Le crépuscule des juges et de la loi

Publié le 2021-02-12 | Le Nouvelliste

En cinq jours, des forces politiques haïtiennes se sont affrontées sur l’interprétation à donner à un article de la Constitution de 1987 amendée en mai 2011, l’article 134.

Chacun, fort de son droit mais incapable d’en faire la démonstration certaine, a tenté la fuite en avant. Ce qui devait arriver arriva, les deux camps se sont mesurés.

Ceux qui étaient pour la fin du mandat du président Jovenel Moïse le 7 février 2021 ont tenté de mettre au pouvoir un juge. A cette date, ils n’ont pas réussi. Un juge a été en prison, un est dans le maquis, une autre prend des précautions de sécurité. Les trois juges ont été mis à la retraite et remplacés par de nouveaux juges. Leurs pairs restés en poste à la Cour de cassation ne leur ont pas manifesté de solidarité.

Ceux qui étaient pour la fin du mandat du président Jovenel Moïse le 7 février 2022 ont résisté aux assauts et aux manœuvres de leurs adversaires. De fait, Jovenel Moïse est toujours président de la République jusqu'à présent. Il dispose des pouvoirs de sa charge et interprète les lois à sa guise pour les rendre conformes à ses besoins.

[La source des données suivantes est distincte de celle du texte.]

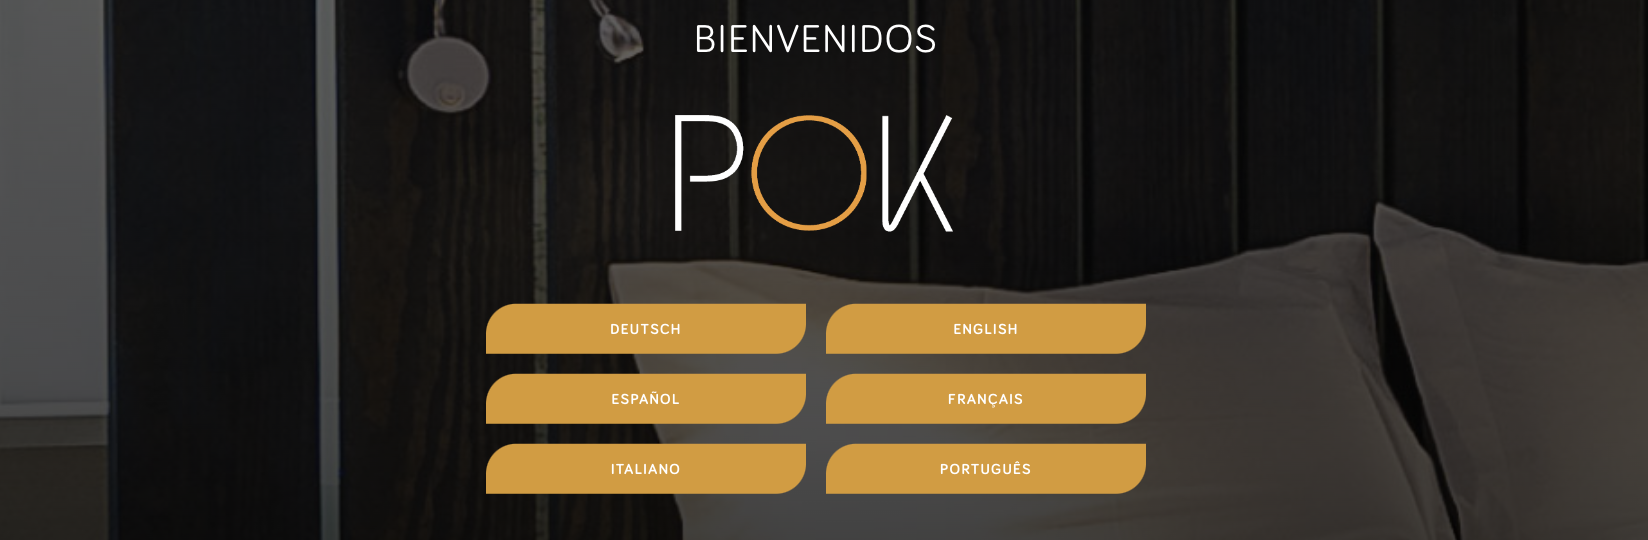 Avaliação POK Point of Kiosk: POK - Check-ins em 30 segundos - Appvizer

Pour rappel, la Constitution de 1987 amendée ne prévoit nulle part qu’un juge de la Cour de cassation peut devenir président de la République. Cette disposition n’existait que dans la première version de la Constitution.

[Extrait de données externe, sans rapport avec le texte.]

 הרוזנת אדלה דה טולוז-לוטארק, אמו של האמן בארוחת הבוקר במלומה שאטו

Pour rappel aussi, les juges de la Cour de cassation sont inamovibles pendant la durée de leur mandat. Leur nomination et leur révocation sont régies par la loi.

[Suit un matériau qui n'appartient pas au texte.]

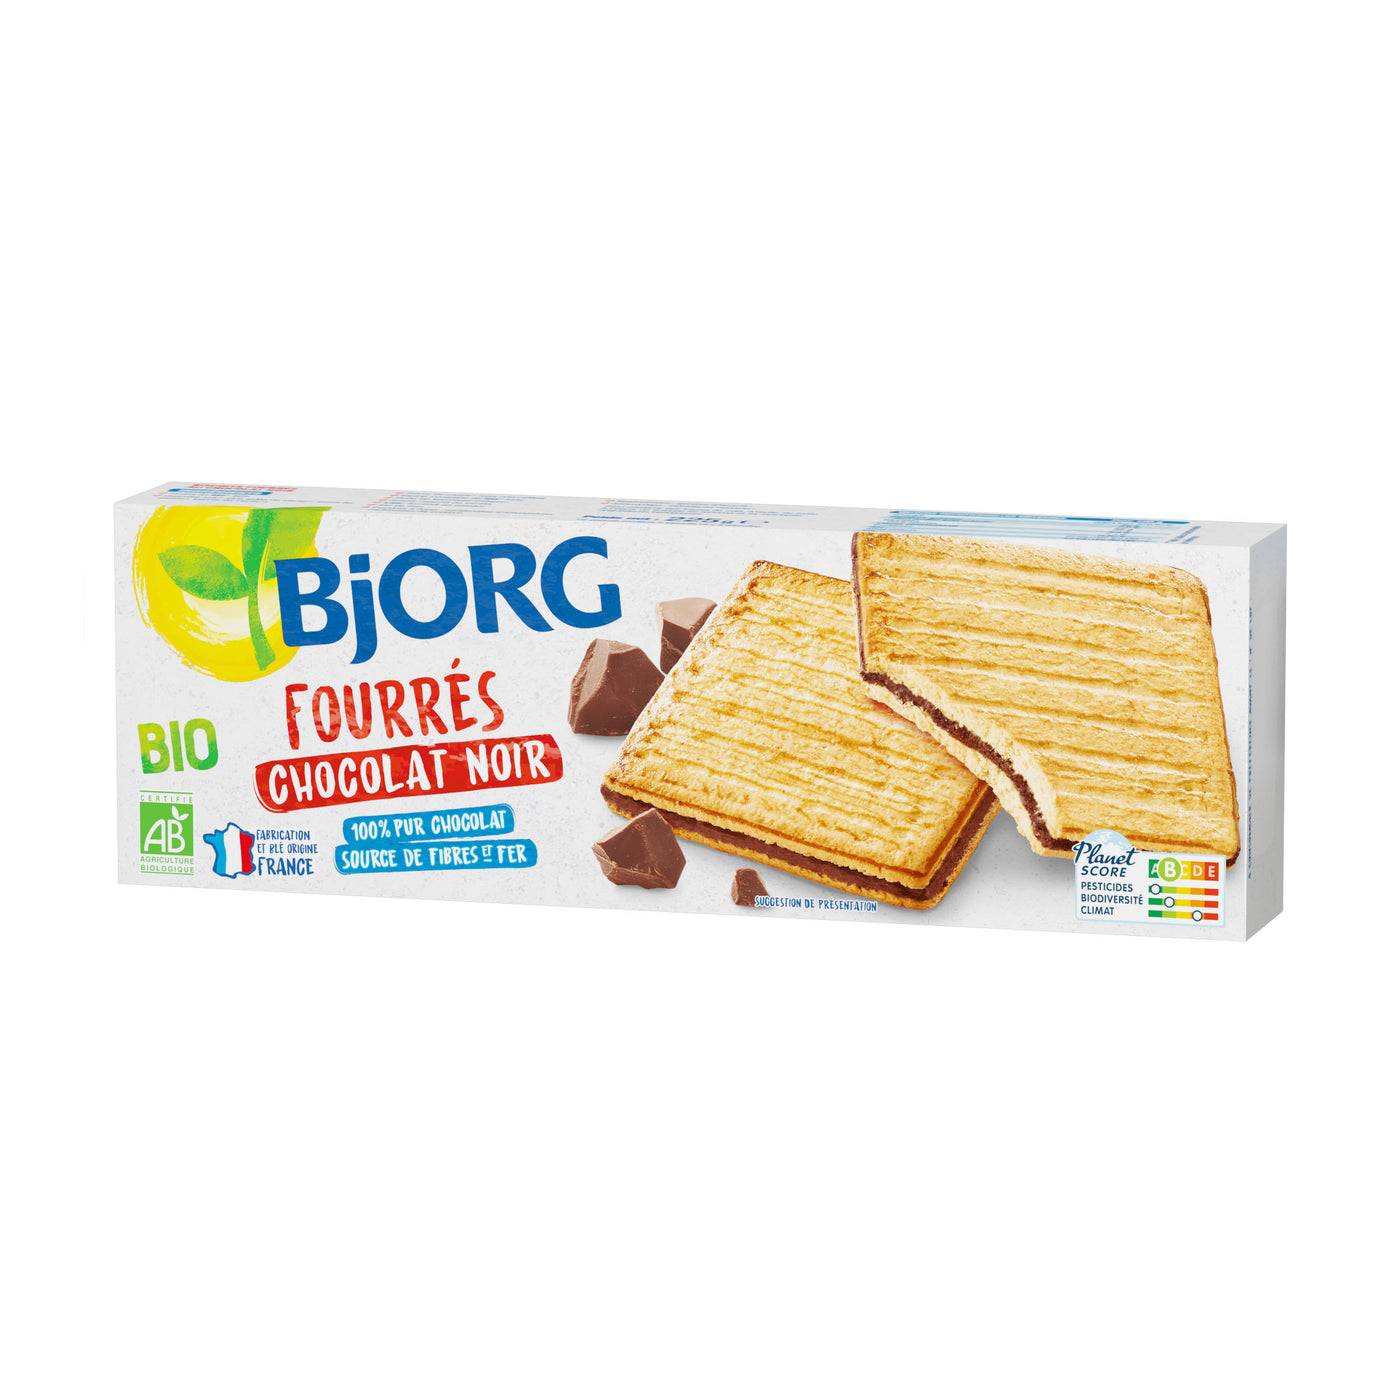 Bjorg Biscuit Fourre Chocolat Noir Bio 150g

Depuis le 7 février, le pays ne respecte plus que la force. Dans l’épreuve comme dans les rapports entre les hommes et les institutions, la force prime.

Nous sommes, par la faute de deux pouvoirs qui s’affrontent, l’exécutif et le judiciaire, et en l'absence du législatif, de moins en moins dans les sentiers étroits de l’État de droit et de la démocratie.

Les juges et la loi connaissent des heures sombres et il n’y a presque plus personne dans l’appareil judiciaire qui peut trancher des différends. Les juges et l’exécutif ont cassé la machine, la légalité est devenue un vain mot.

La force, pas obligatoirement la violence, prime sur la loi et les juges.

Et comme la justice n’a jamais eu bonne réputation en Haïti, la population assiste à sa mise à mort sans se sentir concernée, comme ce fut le cas pour le Parlement.

« Encore une fois, Bouqui tue sa mère et festoie à ses funérailles après avoir mangé sa dépouille », diraient les plus vieux.